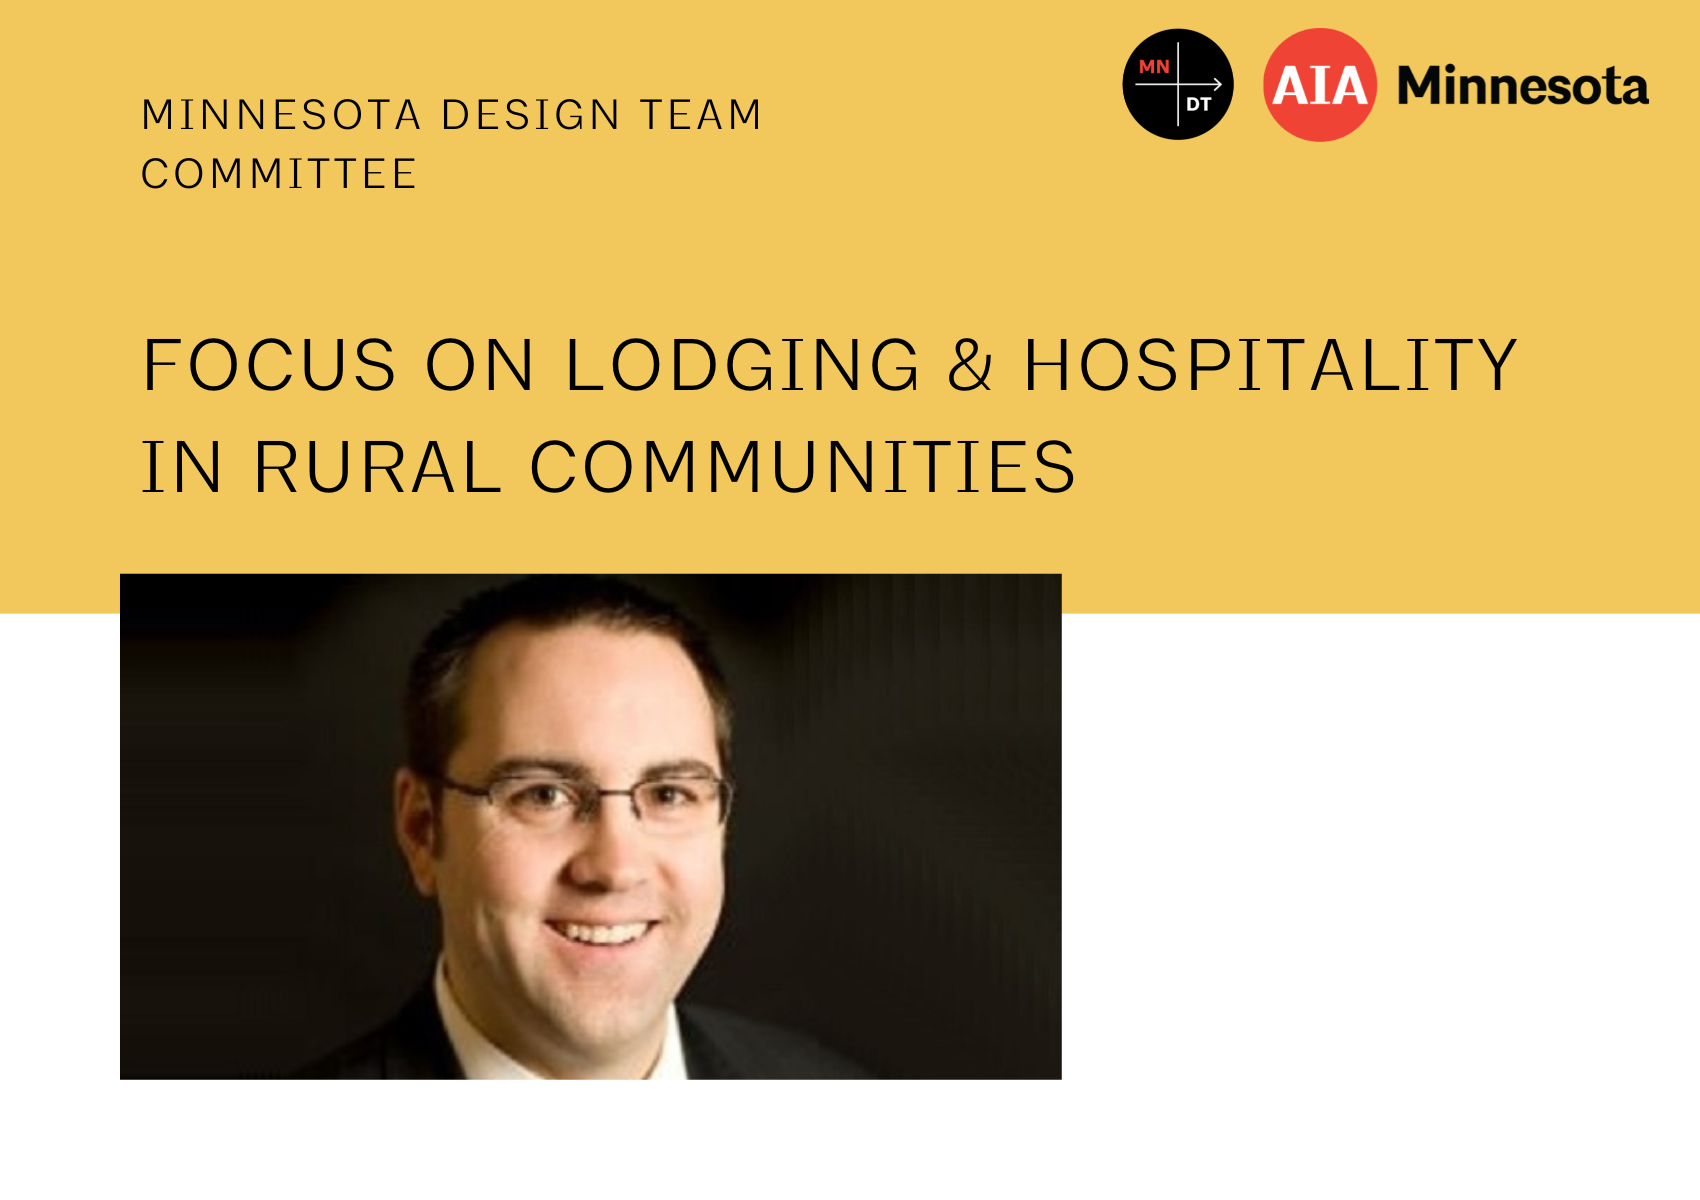 Minnesota Design Team Committee: Focus on Lodging & Hospitality in Rural Communities
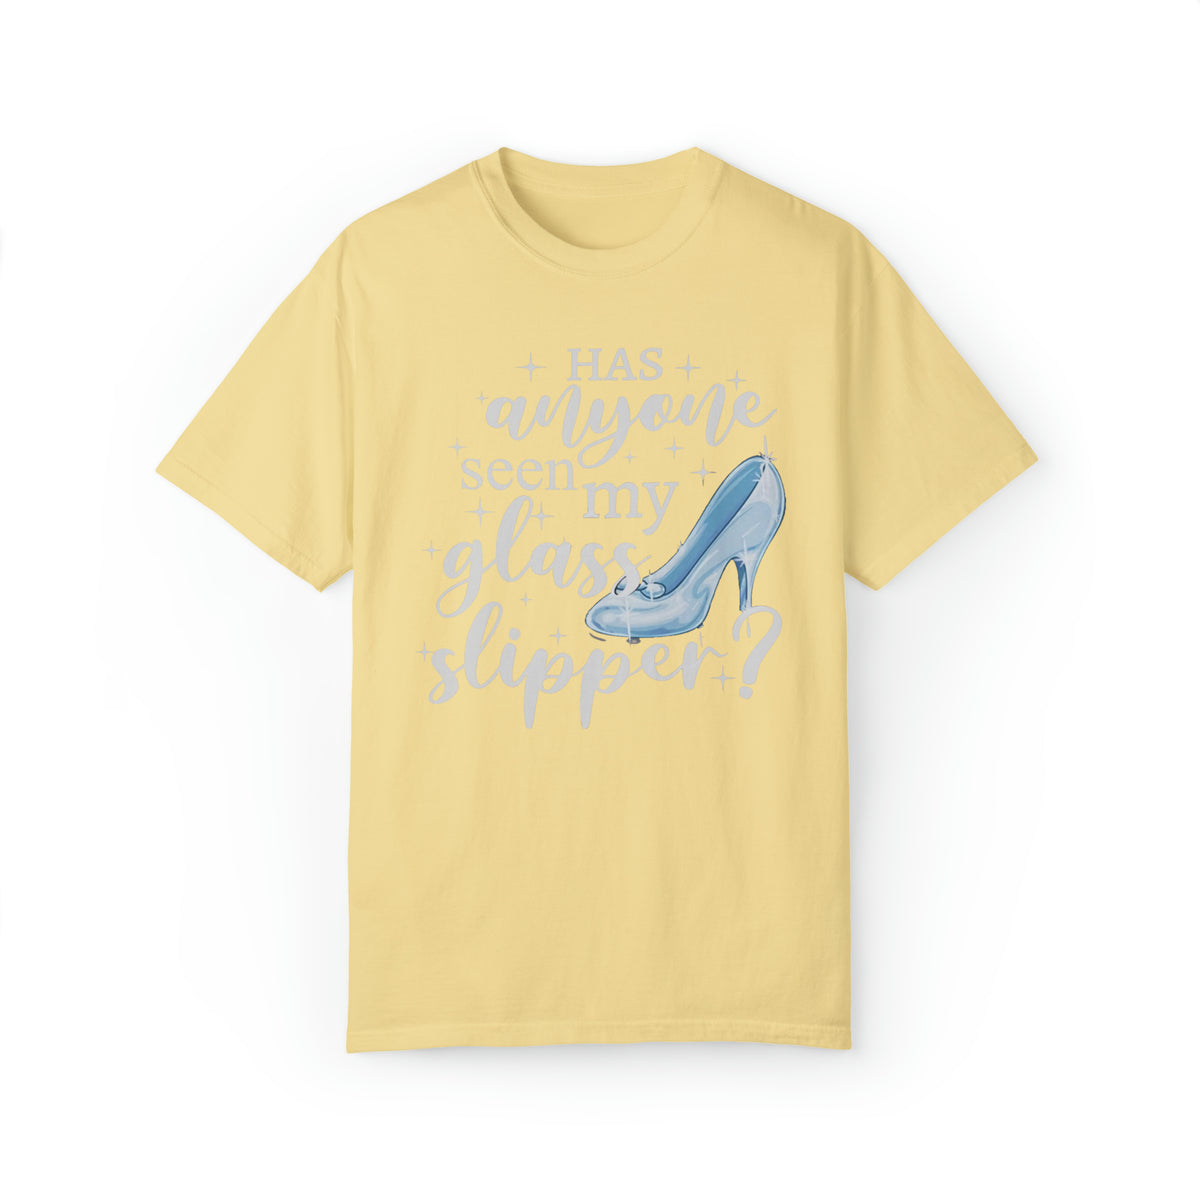 Has Anyone Seen My Glass Slipper? Comfort Colors Unisex Garment-Dyed T-shirt
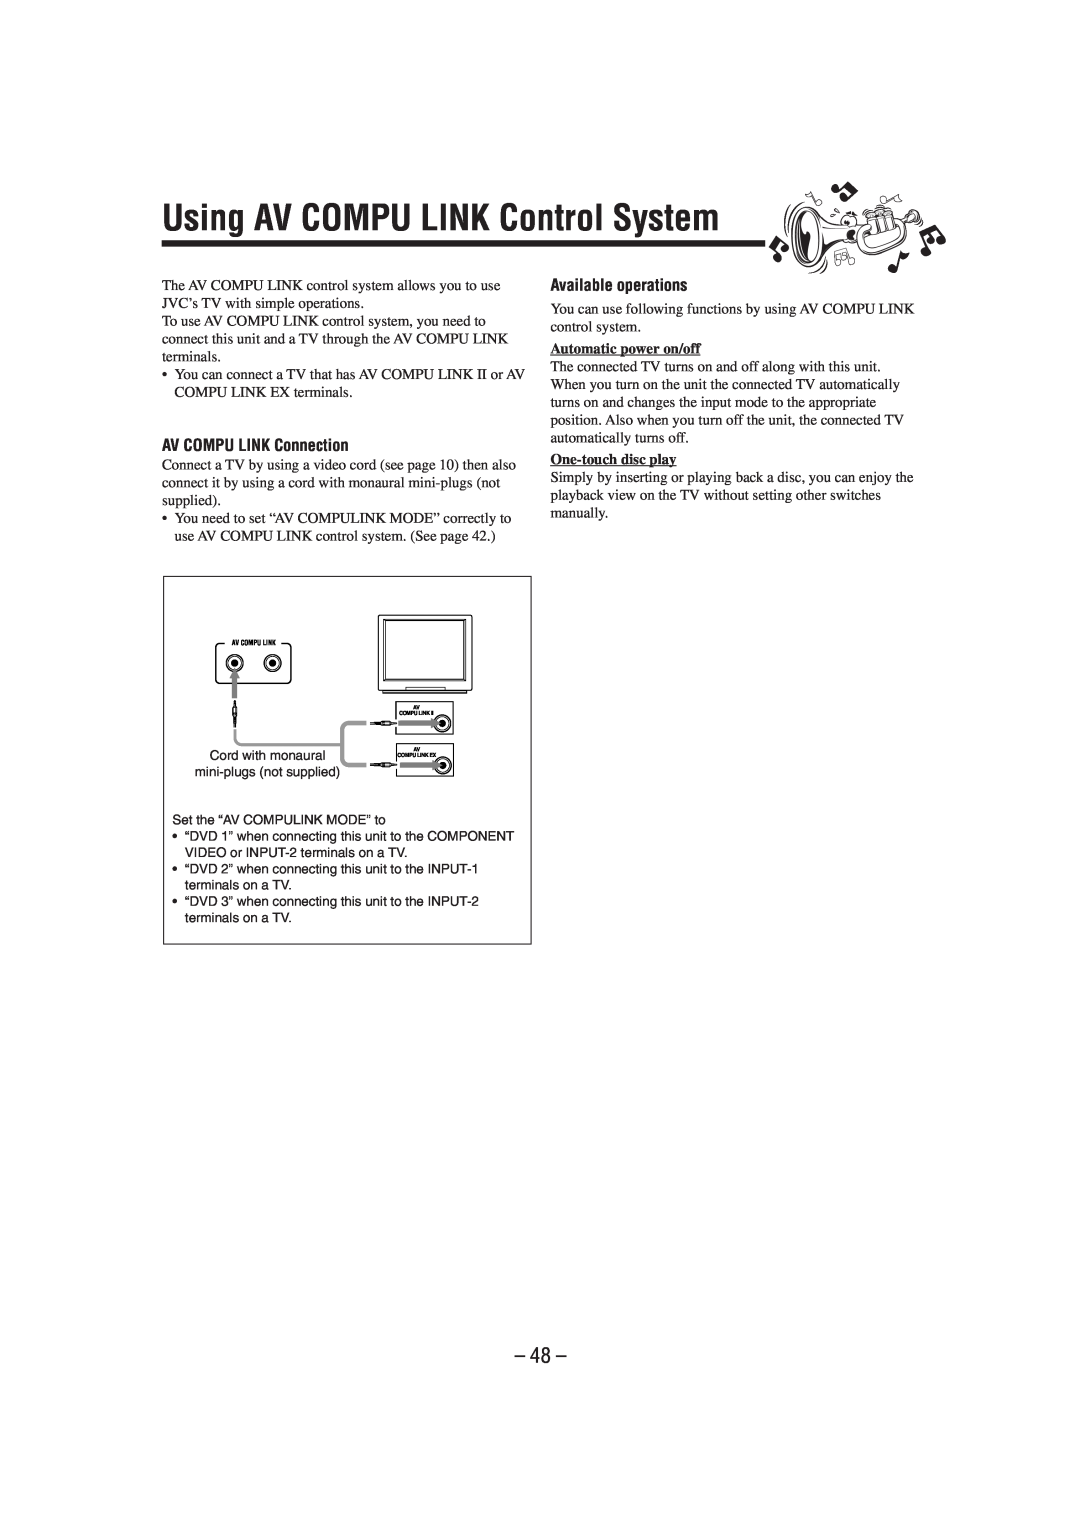 JVC CA-MXDVA9 Using AV COMPU LINK Control System, 48, AV COMPU LINK Connection, Available operations, One-touchdisc play

Exercise requirements:
From the first line above through the line containing "Has Anyone Seen", copy everything exactly, without the pictures.

Exercise output:
 Minnesota Design Team Committee: Focus on Lodging & Hospitality in Rural Communities
 Has Anyone Seen My Glass Slipper? Comfort Colors Unisex Garment-Dyed T-shirt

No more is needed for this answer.